In this dataset, no posts has 0 points. However, like when checking comment metrics, there are a large number of posts which have only 1 point, and these may affect the outcome.

In [16]:
# _p suffix indicates "with points"
ask_posts_p, show_posts_p, other_posts_p = split_posts(list(filter(lambda row: int(row[3]) > 1, hn)))

In [17]:
ask_posts_no_p_count = len(ask_posts) - len(ask_posts_p)
show_posts_no_p_count = len(show_posts) - len(show_posts_p)
print("Number of Ask HN posts with only 1 point:", len(ask_posts) - len(ask_posts_p),
            f"({ask_posts_no_p_count / len(ask_posts) * 100:.2f}%)")
print("Number of Show HN posts with only 1 point:", len(show_posts) - len(show_posts_p),
            f"({show_posts_no_p_count / len(show_posts) * 100:.2f}%)")

Number of Ask HN posts with only 1 point: 2515 (27.52%)
Number of Show HN posts with only 1 point: 1895 (18.66%)


As seen above, 27% of Ask HN posts recieved no additional points, compared to only 18% of Show HN posts.

In [18]:
avg_ask_points_p = avg_comments(ask_posts_p)
avg_show_points_p = avg_comments(show_posts_p)

print("Average points per Ask HN post with points:", avg_ask_points_p)
print("Average points per Show HN post with points:", avg_show_points_p)
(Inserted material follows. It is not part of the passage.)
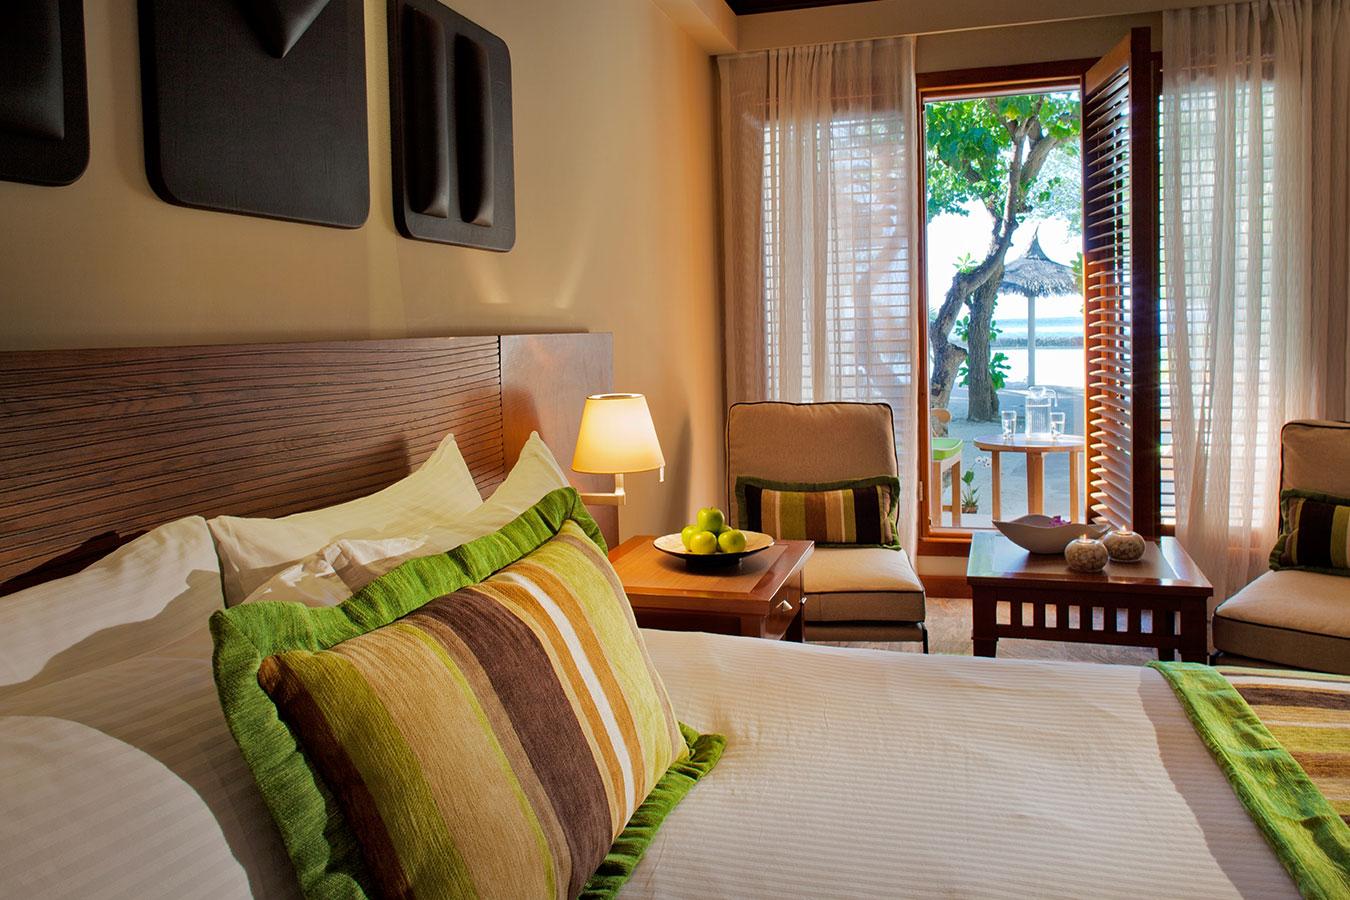 Kurumba Maldives - Deluxe Room Bedroom image  - Maldives Resort

Average points per Ask HN post with points: 13.9
Average points per Show HN post with points: 5.93


This greatly changes our analysis. Of posts that recieved points, Ask HN posts recieved an average of more than twice as many points as Show HN posts. This indicates that while an Ask HN post is less likely to recieve any interaction, when it does it typically gets more than a Show HN post.

## Conclusions

Based on what we have learned from this data, we have a few key points to take away:

* Posts made in the early afternoon in EST recieve the most interaction overall
* Show HN posts are more likely than Ask HN posts to recieve interaction
* Of posts that do recieve interaction, Ask HN posts recieve more comments and points on average

Based on this information, the most popular type of post overall would be an Ask HN post made at 3PM EST.